5〜3μmであり、分散性が良好である。また、空隙率
は40%程度であり、非常に多孔質である。Now, the method for producing the fluorescent microbeads will be described in more detail. First, porous polymer beads are prepared. This fabrication is performed according to the method already proposed by the present inventors (Japanese Patent Laid-Open No. 5-4370).

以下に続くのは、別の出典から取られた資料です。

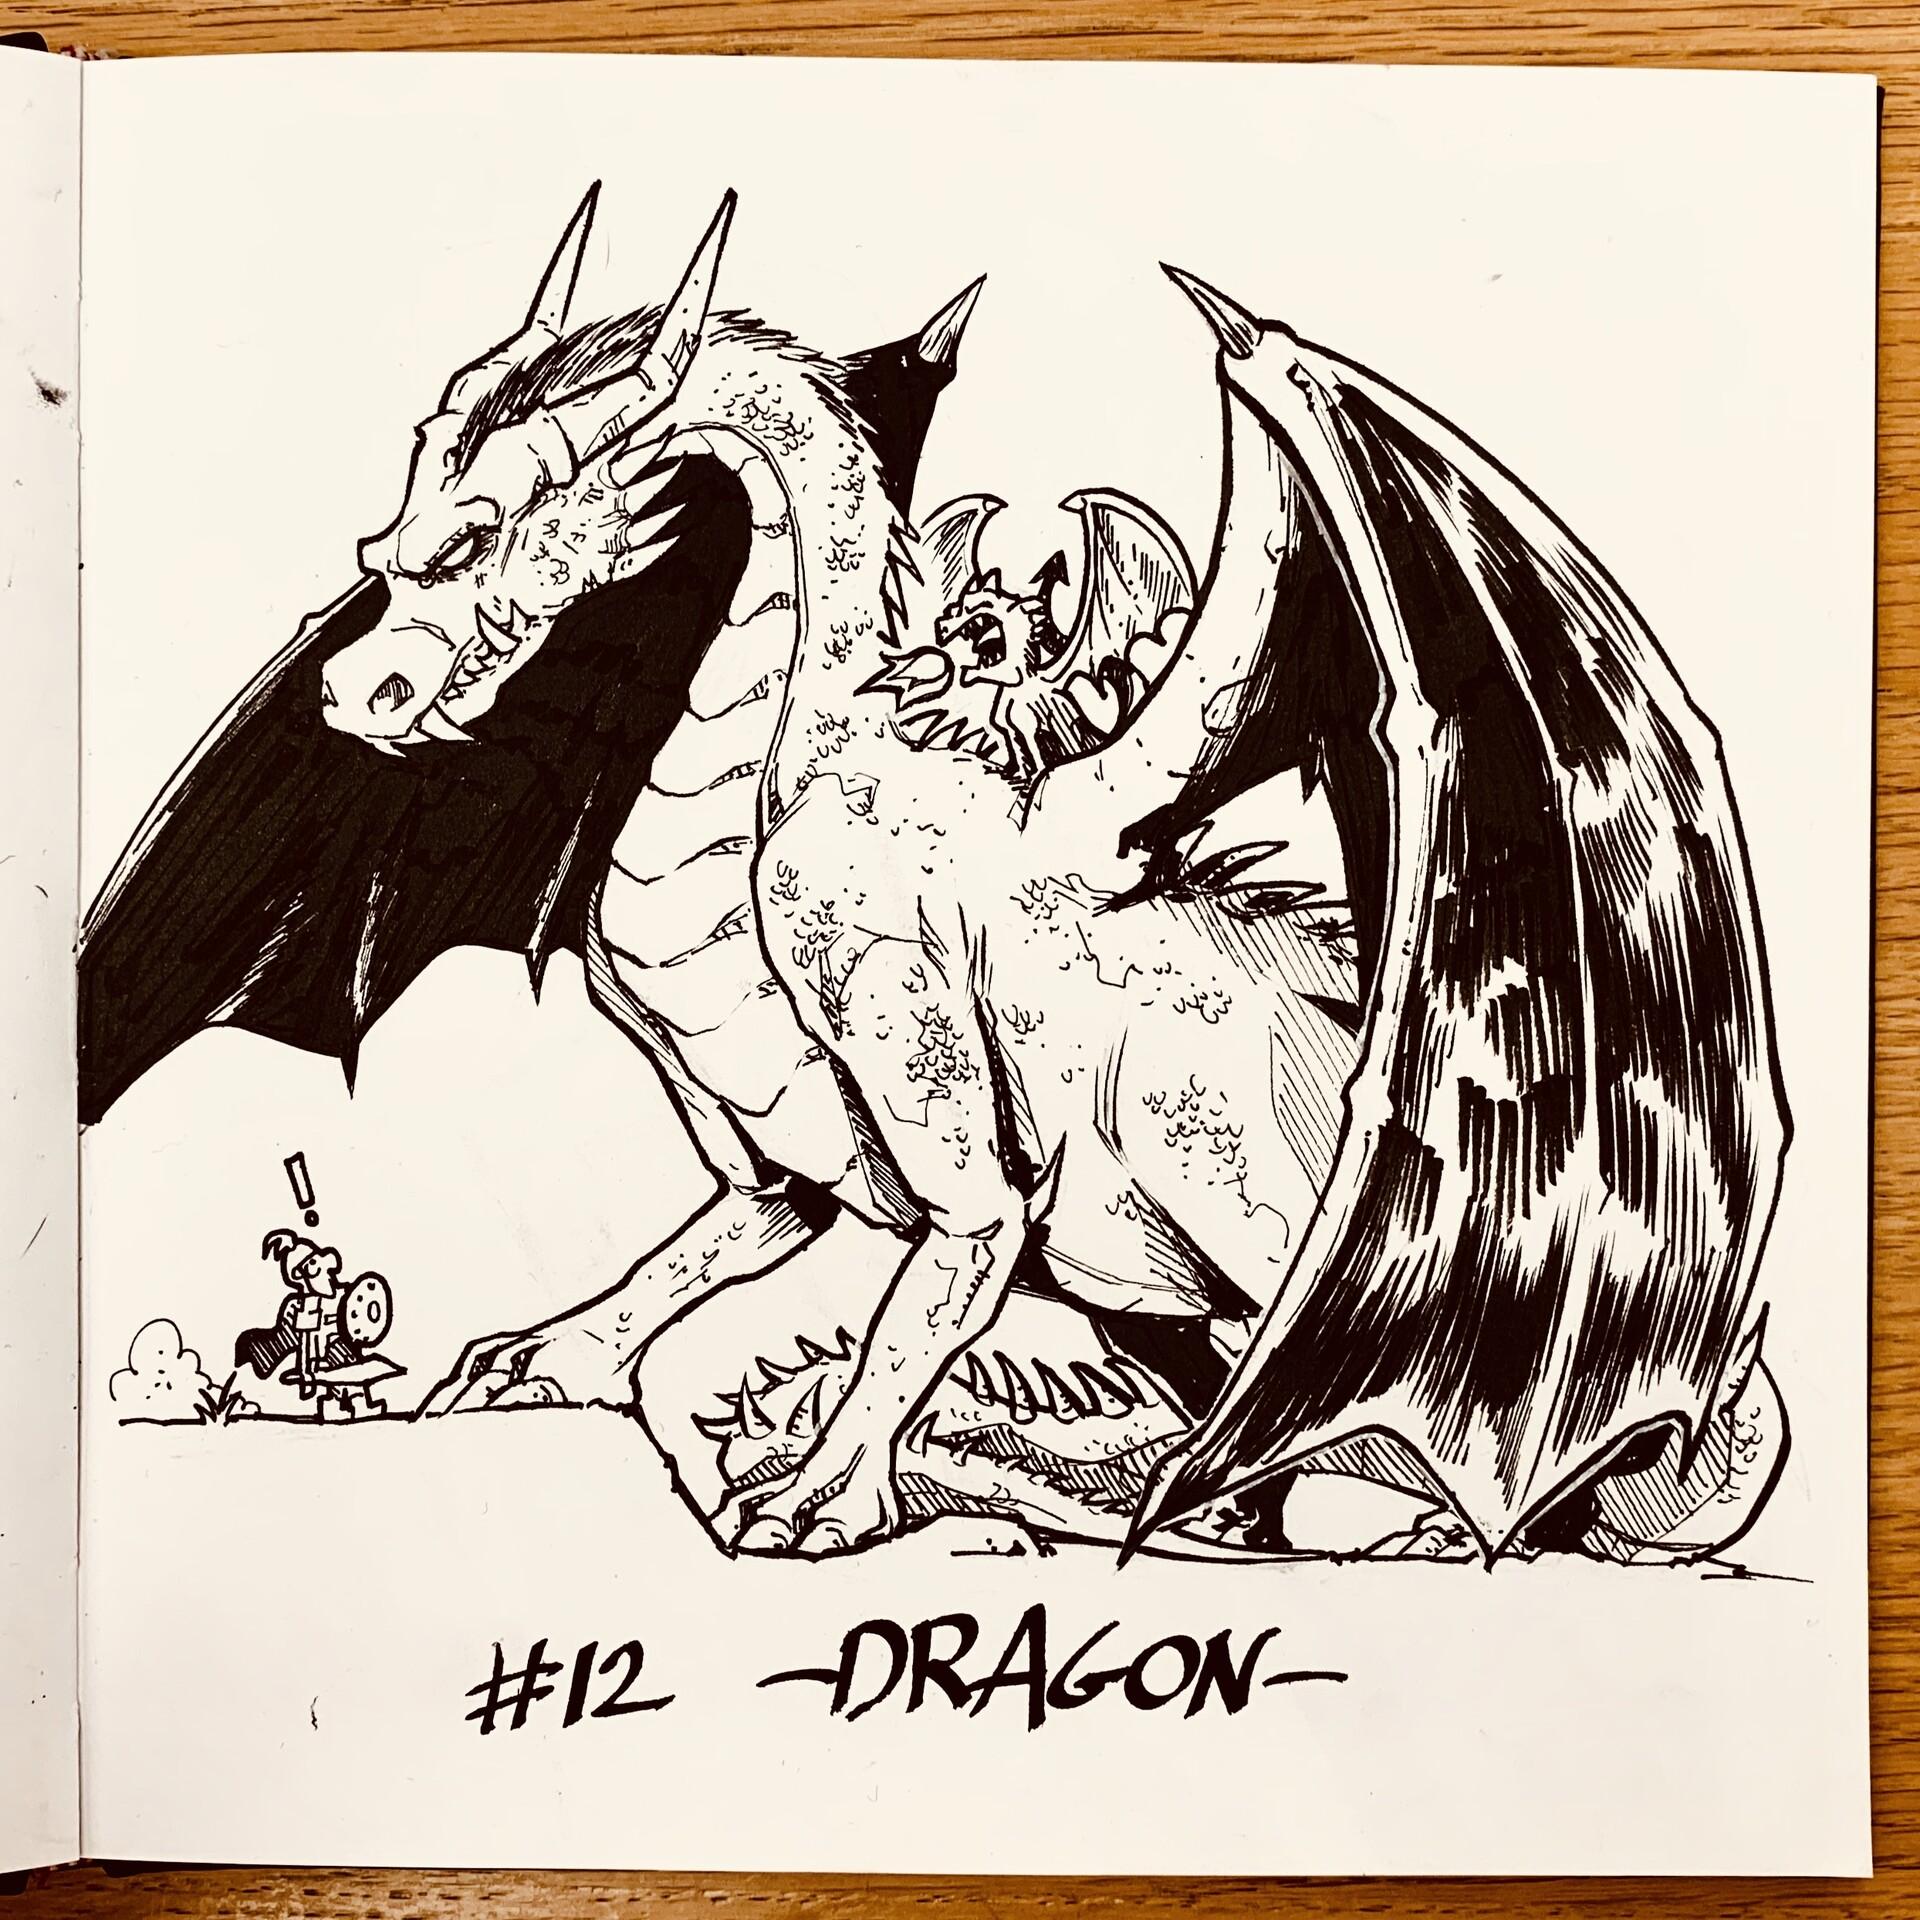 Inktober 2019: #12. Dragon

No. 6, JP-A-5-43707, etc.). That is, a polymer containing glycidyl methacrylate as a main component and 2-hydroxyethyl methacrylate as a subcomponent is cross-linked and polymerized to produce porous polymer beads. The porous polymer beads have a particle size of 0.
It is 5 to 3 μm, and the dispersibility is good. Further, the porosity is about 40%, and it is very porous.
【0012】次いで、この多孔質ポリマービーズをアミ
ノ化する。アミノ化率は、従来のポリマービーズが0.
1meq/g程度であるのに対し、本発明の多孔質ポリ
マービーズは0.8meq/g以上であり非常に大き
い。Next, the porous polymer beads are aminated. The amination ratio of conventional polymer beads is 0.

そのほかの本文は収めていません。